Pero las sacudidas continuaron, excavando un amplio mar rojo.
Y por fin hubo acción en el horizonte norte. Ya había una evidencia directa del cataclismo que estaba ocurriendo allí. El azul pálido se había encendido y otra vez con un brillante resplandor, algo que atravesaba la bruma como si fuera una nueva salida del sol. Justo por encima de los destellos de luz, se iba levantando poco a poco una franja blanca que parecía un segundo horizonte. La parte superior del sector norte de los Alpes Kampucheanos había desaparecido.
Un suspiro se propagó por la audiencia. Wil miró, bajó la mirada, y vio que mucha gente señalaba hacia arriba.
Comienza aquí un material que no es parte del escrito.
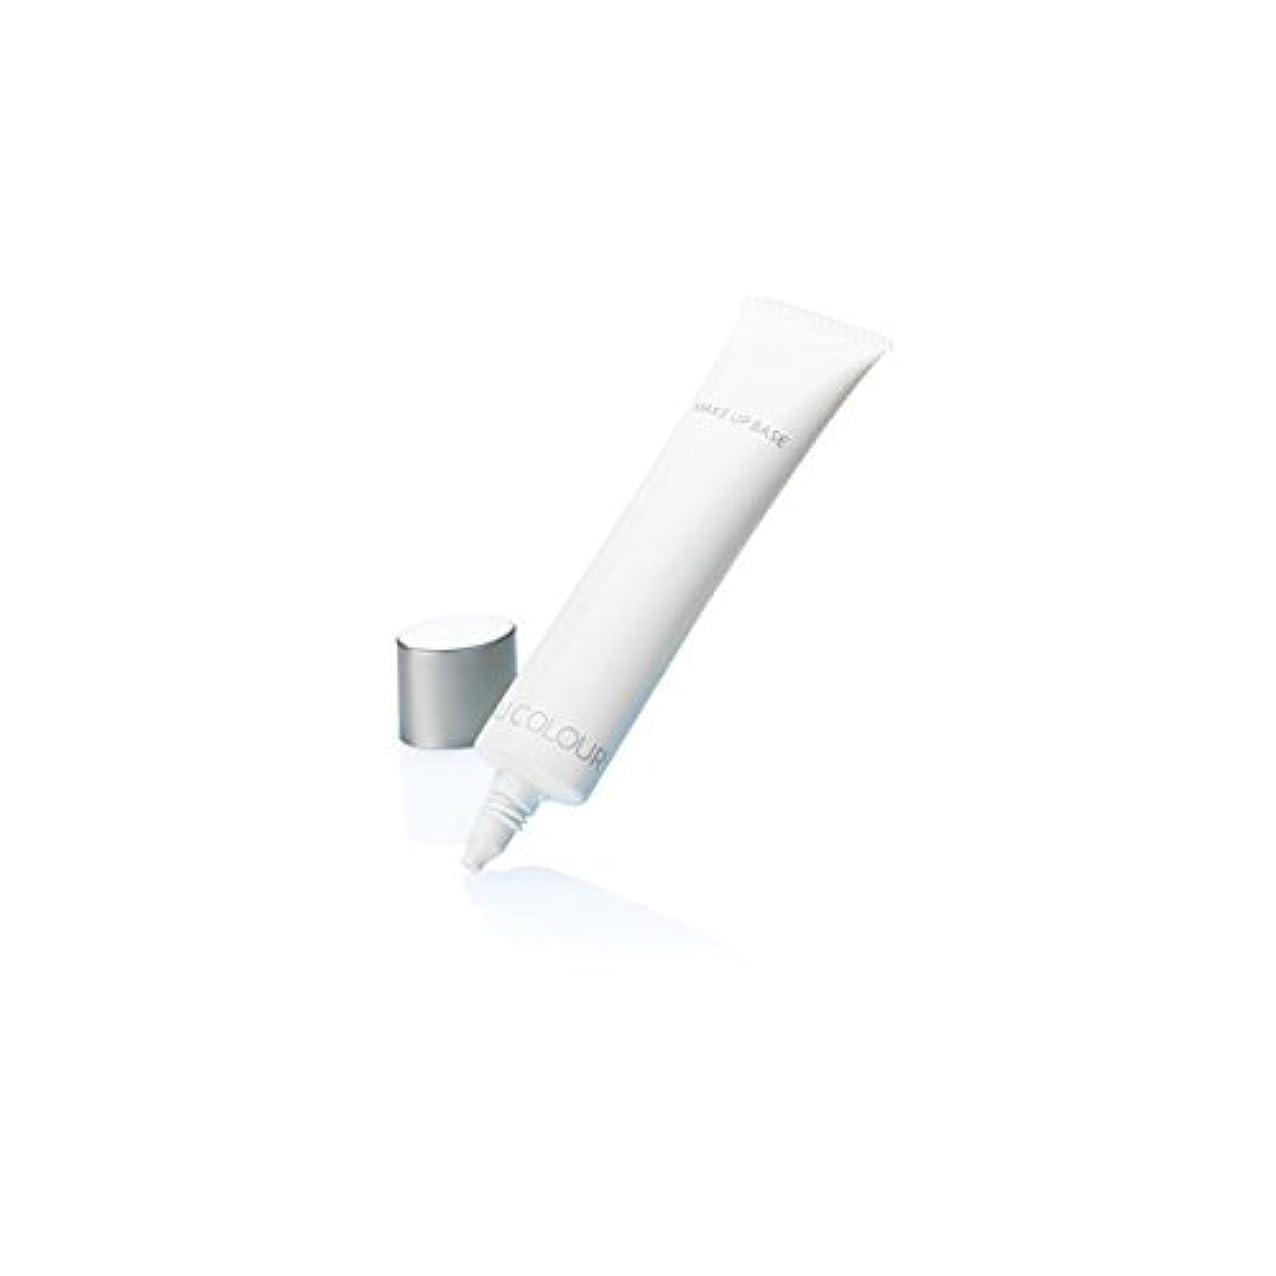 教育者世辞のためニュースキン NU SKIN UV メイクアップ ベース SPF18?PA++ クリア 03160813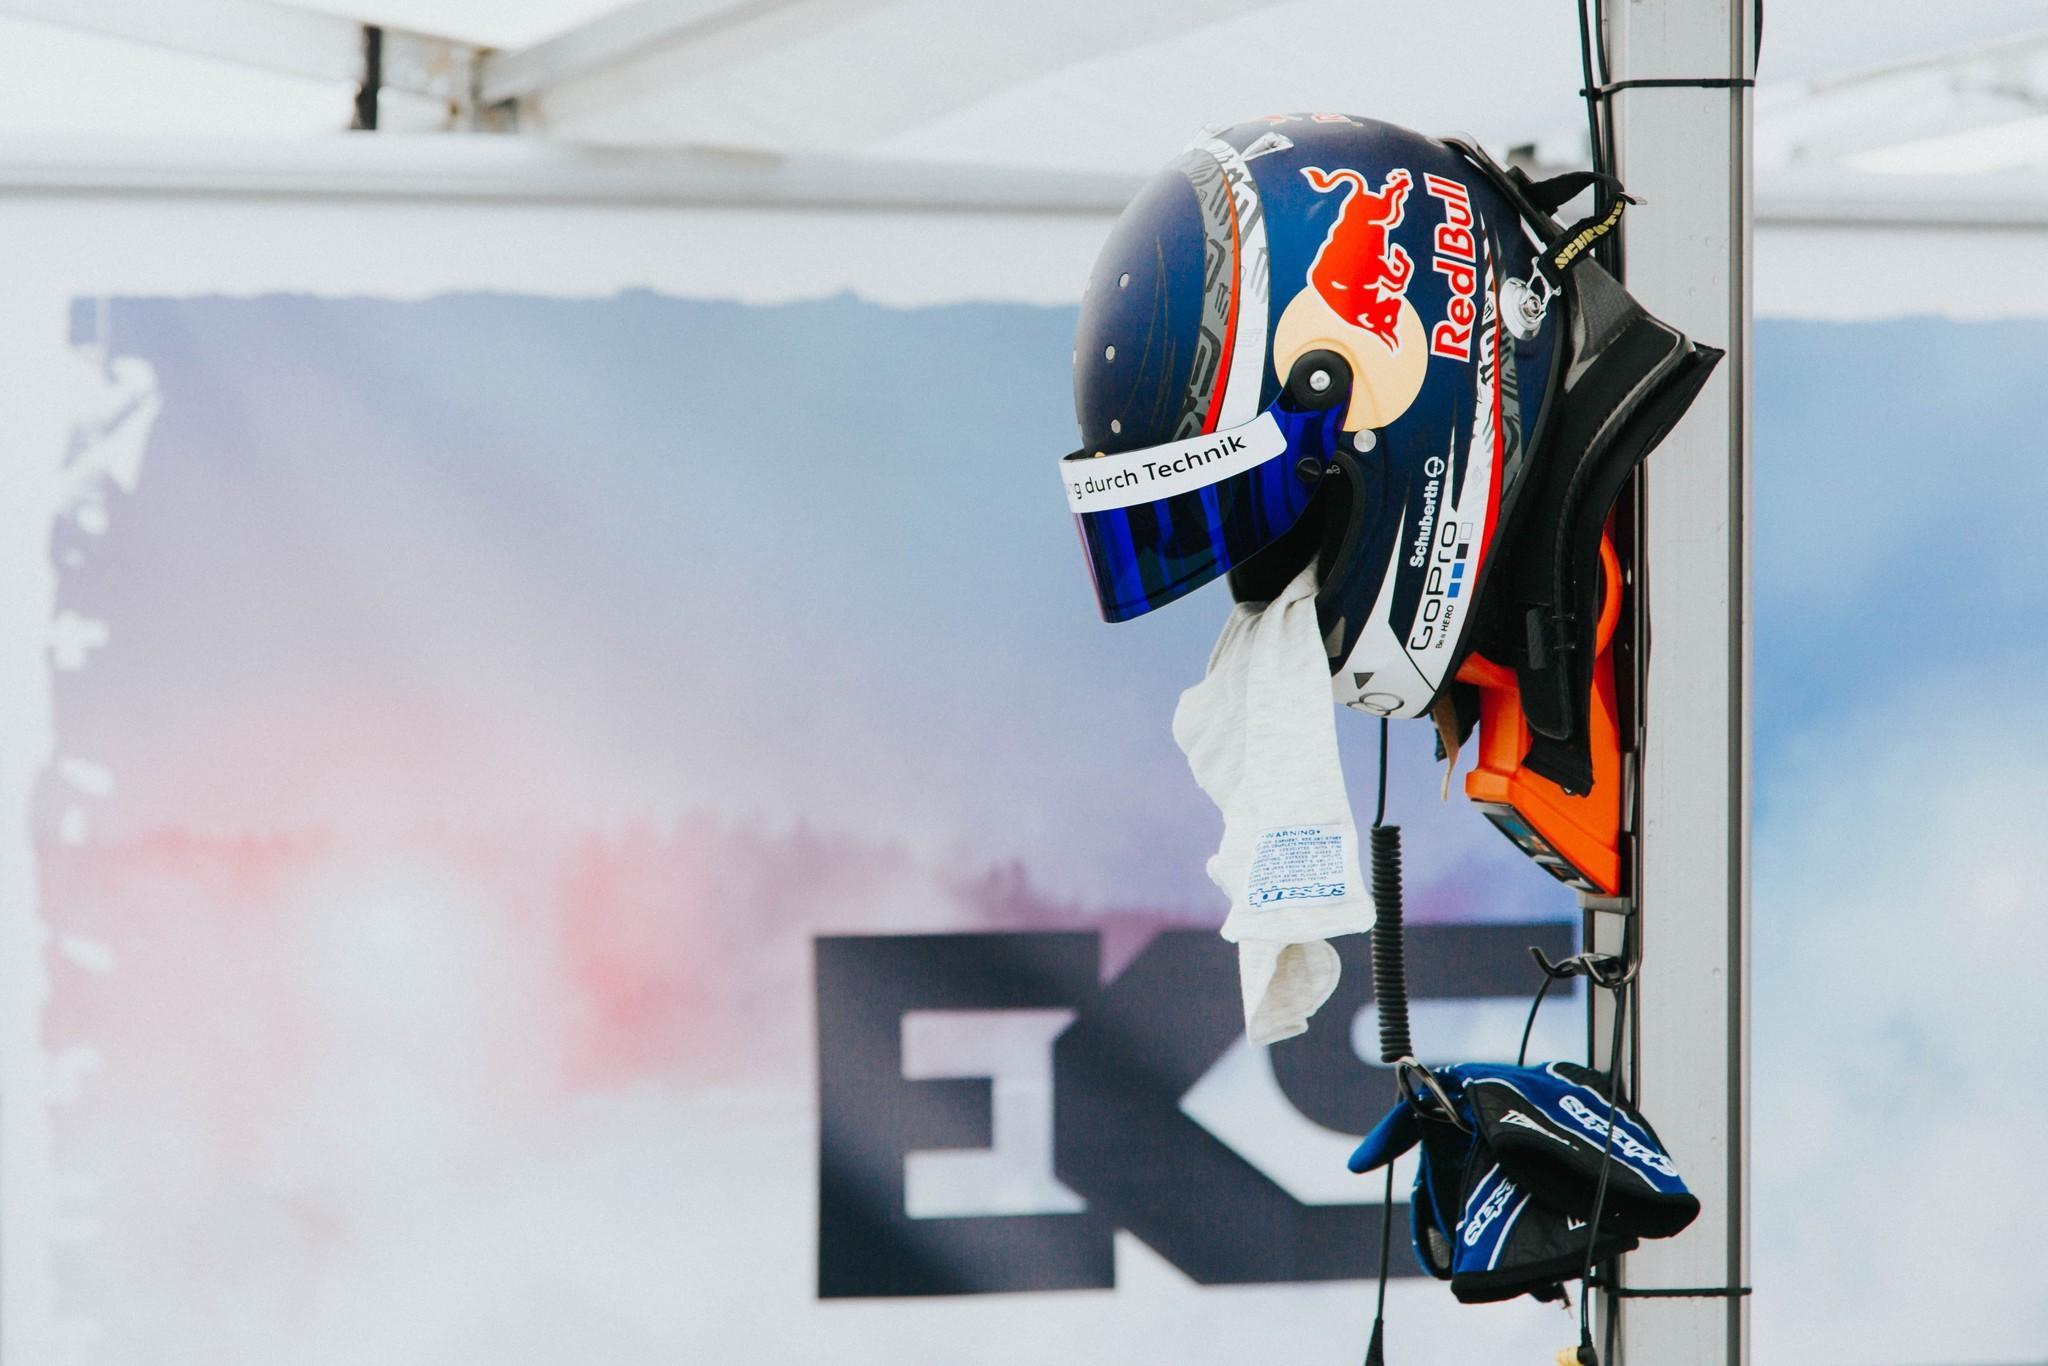 Wie wordt in 2021 teamgenoot van Max Verstappen?

Ligeramente púrpura, apenas si más brillante que el cielo, una aparición fantasmal se extendía casi por encima de ellos de norte a sur. ¿Una aurora en pleno día?
Extrañas luces centelleaban en las pendientes que estaban detrás del castillo. El aire del anfiteatro estaba cargado de electricidad estática, pero todo estaba sumido en un silencio aterrador. El ruido del rescate ya llegaría, se oiría con claridad a pesar de los mil quinientos kilómetros de distancia que debía recorrer alrededor de la tierra, pero faltaba casi una hora para que llegase allí, pasando por los Alpes Kampucheanos hacia el Mar Interior.
Y la burbuja Pacista, como si fuera un pecio liberado del hielo por el sol de verano, pudo flotar hasta la superficie.